Она промолчала, но в ее глазах я заметил искорку страсти.
— Senor знает испанский? – вышла она из замешательства.
— Pochito (немножко – исп.), senora.
— Bueno (хорошо – исп.).
— Вам идет эта прическа.
— Вы так думаете, — сказала она, и совсем по-ребячески, закинув руку за спину, достала белую бейсболку. Затем надела на голову и встала в позу модели. – А вот так, нравится?
— Очень… – хотел еще что-то сказать, но ее позвал хозяин и она скрылась внутри ресторана.
Неделя выдалась достаточно напряженной. Я поглощенно работал и не заметил, как наступила следующая суббота. Решил вновь побывать на побережье, но неожиданно планы изменились: из Фрезно позвонила дочь и сообщила, что приезжает навестить меня. Прошла еще одна неделя, а за ней и другая… пролетел месяц, и каждый раз что-то мешало поездке. Казалось, та мимолетная встреча с Паломой остнется приятным воспоминанием. Однако, ее образ неотступно преследовал. И вот, спустя месяц, я вновь оказался в той таверне. И, как в прошлый раз, меня обслуживала Палома.
— Вы меня помните? – спросил я и широко улыбнулся.
— Помню, — неожиданно безучастно произнесла она и добавила, — будете пиво?
— Буду… Но не только пиво.
Она вопросительно посмотрела своими волшебными глазами.
— Хотелось бы отведать чуть чуть вашей улыбки.
Она едва улыбнулась и опасливо оглянулась.
— Вас что-то тревожит?
— Понимаете, — быстро заговорила она, — хозяин не любит, когда я разговариваю с клиентами.
— Он у вас такой строгий?
— Он не такой уж и плохой человек, но…
— Я вас понял, можете не продолжать. Что вы делаете после работы? – перешел я с места в карьер, — могу я вас пригласить куда-нибудь?

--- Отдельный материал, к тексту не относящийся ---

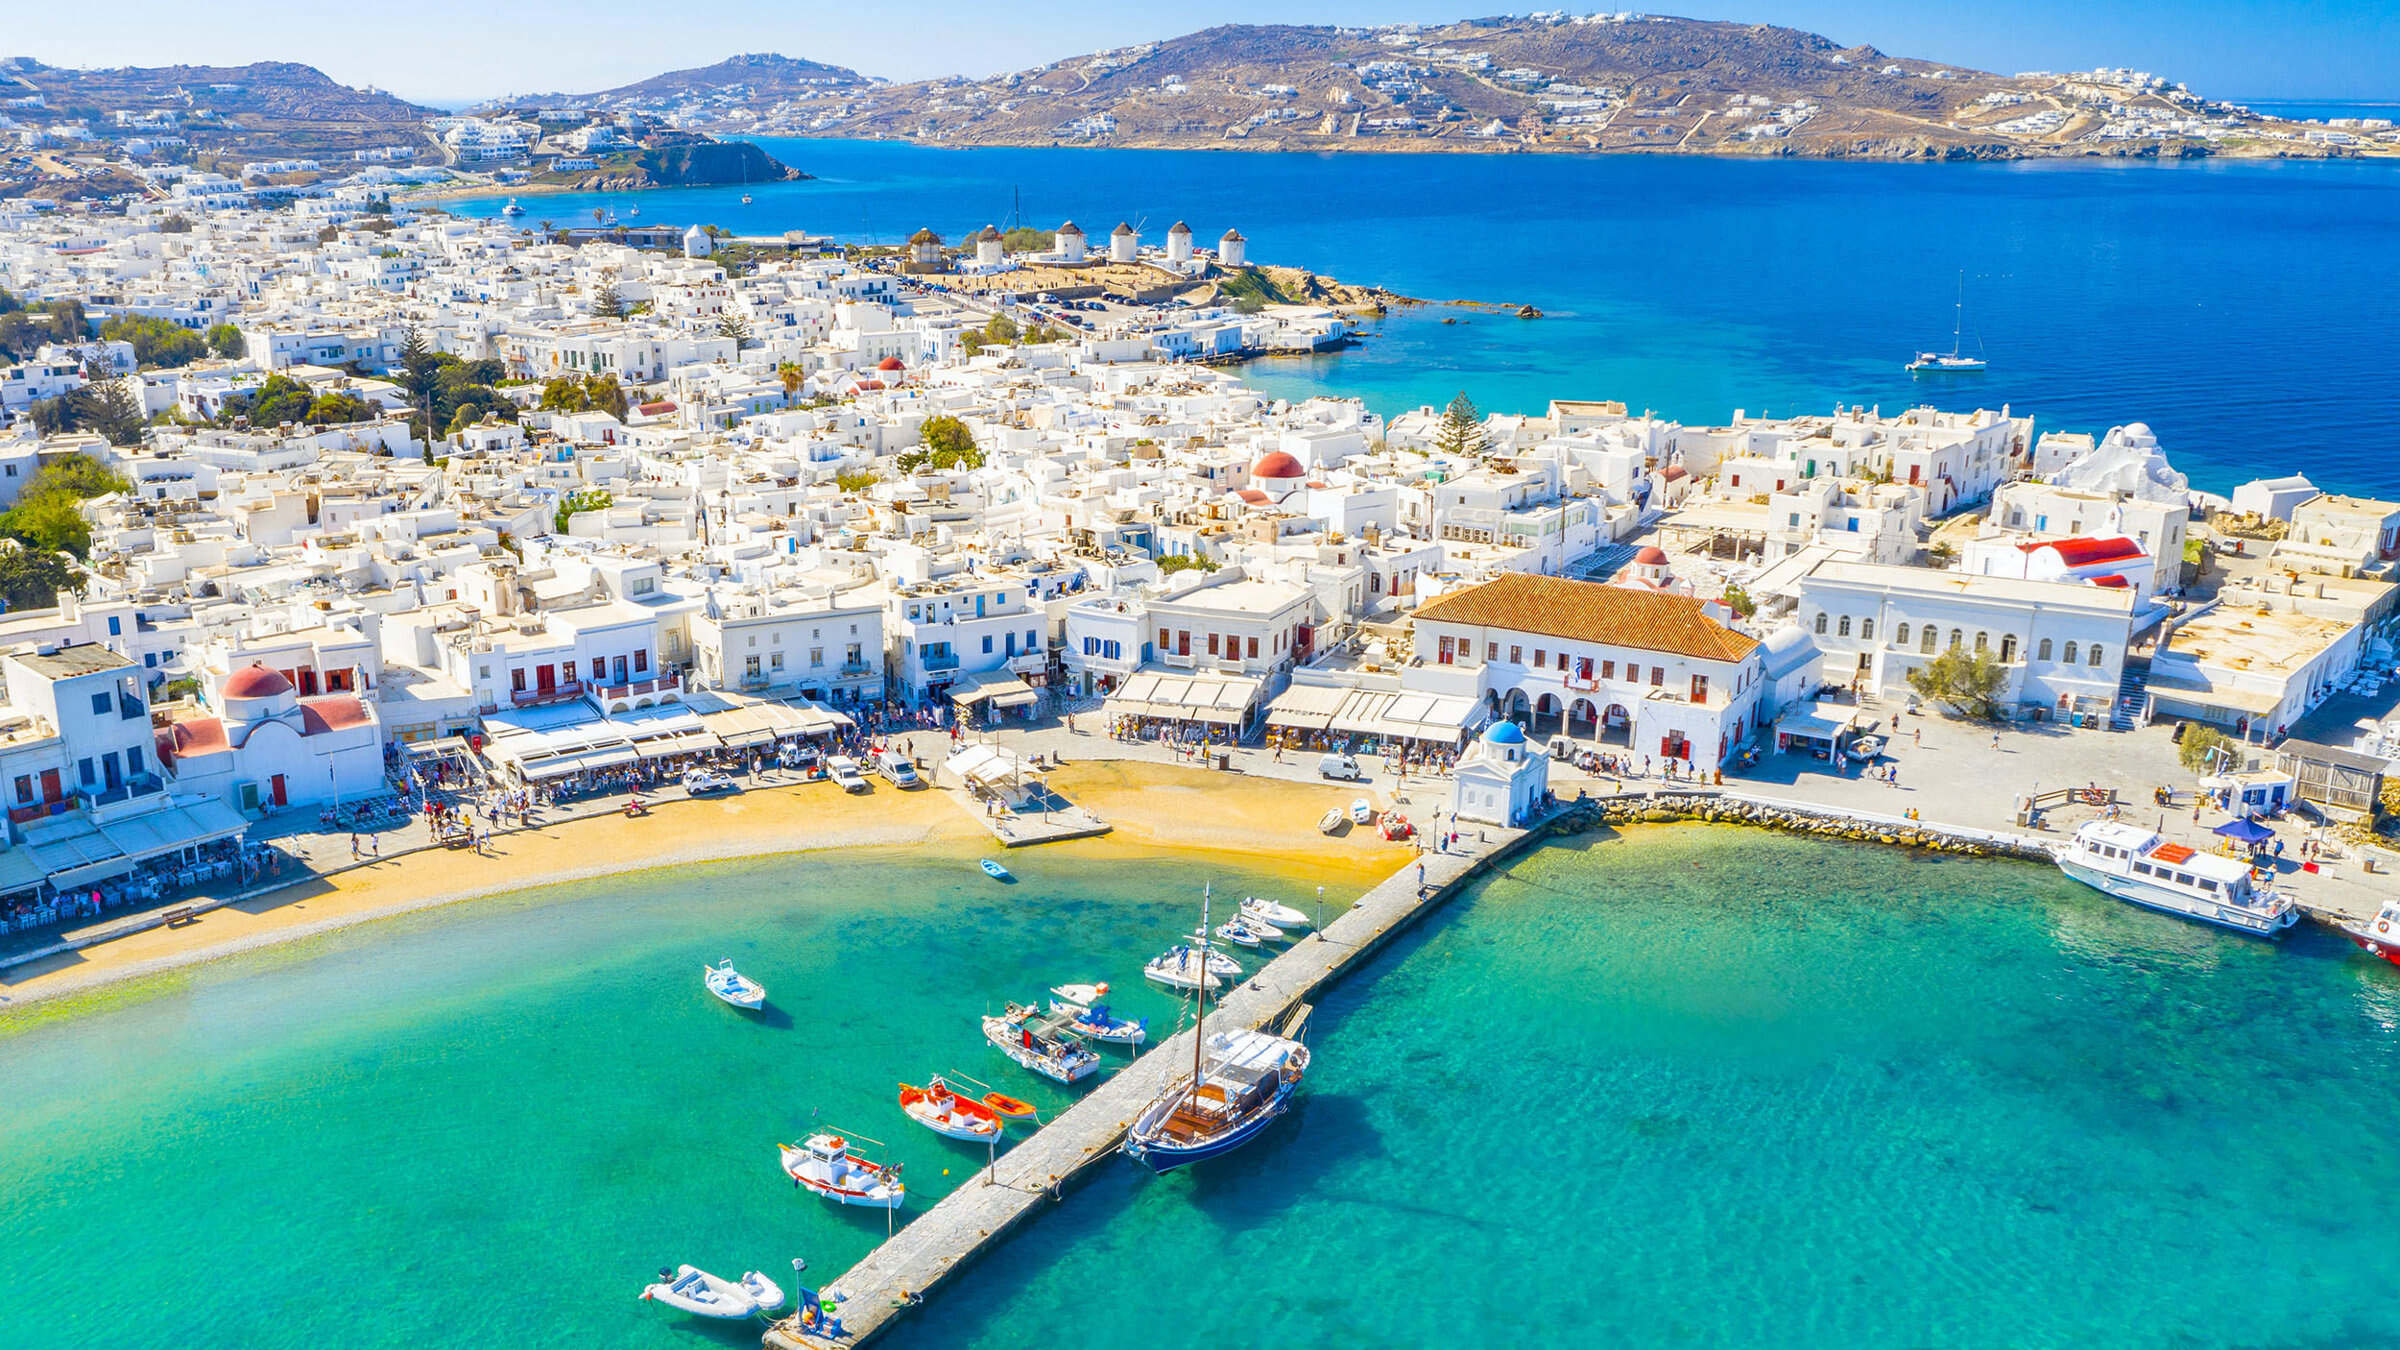 Food and Drink in Mykonos

В ее глазах промелькнула знакомая мне искорка страсти. Однако, она ничего не сказала и ушла внутрь ресторана. Я посмотрел ей в след и задумался.
— В прошлый раз на вас была коричневая кожанная куртка, — сказала она и поставила передо мною бокал пива с чипсами.
— Вы наблюдательны, — улыбнулся я, — где же ваша бейсболка? Она вам очень идет.
Она ничего не сказала и неуловимым жестом указала на поднос, где вместе с выписанным чеком лежала записка с адресом. Я незаметно кивнул и вновь улыбнулся.
До вечера времени было достаточно, и я решил пройтись по городу. Ярко светило солнце, океан был спокоен, прохожие улыбались, да и вообще, подумал я, как здорово, что я здесь – вдалеке от городской суеты, приевшихся небоскребов, нескончаемого потока машин, шума, гама… И как хорошо, что я встретил Палому, и, может быть, сегодня вечером она будет моей. Мы пойдем с ней в ресторан, пройдемся по набережной, потом… потом произойдет то, что обычно в таких случаях происходит…
Вышел к набережной. Здесь был вернисаж. Практически вся зеленая полоса уставлена картинами, керамическими изделиями, гобеленами, маленькими скульптурными фигурками. Оглядев беглым взглядом выставленные работы, собрался было спуститься к воде, как внимание привлекает женский портрет. Подхожу ближе и внимательно присматриваюсь к нему. На холсте изображена женщина с очень знакомыми глазами или, скорее, с очень знакомым выражением нескончаемой тоски. Неужели Анна, думаю я. Но этого не может быть! Дабы окончательно рассеять сомнения, обращаюсь к художнику.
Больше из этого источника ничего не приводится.